And that's to be expected. What is not desirable is to artificially change the conditions, without even knowing you are changing them. The variable-speed issue does that quite nicely in fixed-node searches.

Testing against programs that are lousy in end-games indeed makes eval terms that hasten trading appear good, while they will backfire agains programs that play a strong end-game. This is why you have to test against a variety of programs. And when you do that, the fact that the opponents jump around on the end-game-rating scale has the tendency to average out. Some get comparatively better, others get comparatively worse. The distribution will stay approximately the same.

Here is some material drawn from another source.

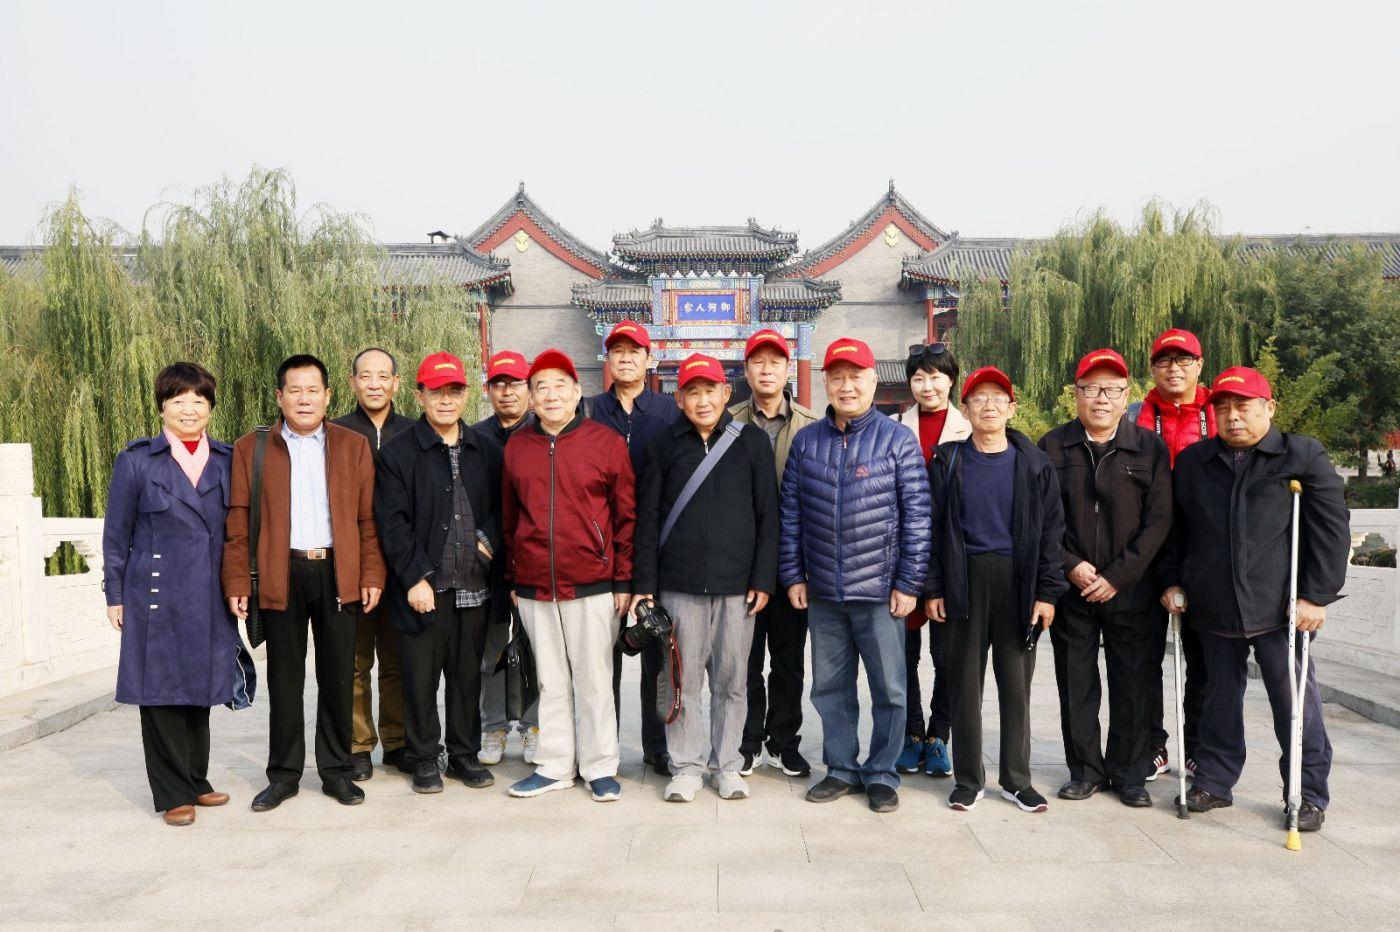 通州、武清两地文学组织结成友好共建单位_图1-3

However, I am not testing against such programs. Unless you think stockfish, toga, fruit, glaurung, arasan, gnuchess, etc are all weak in the endgame?

So I am curious to see an example of how much it really matters. Show us a change in Crafty (any change) that will give a completely different rating change in an accurate nodes-based test (when both Crafty and all of the opponents play by nodes) than in the usual time-based test.
Sorry, but that's not my function in life. I've already chased down that issue once, at quite a cost in terms of time. I don't test with fixed nodes since I found it to be somewhat distorted/misleading. If I had nothing else to do, it would be an interesting undertaking. But we have tests waiting to be run, and are evaluating test results every day at the moment.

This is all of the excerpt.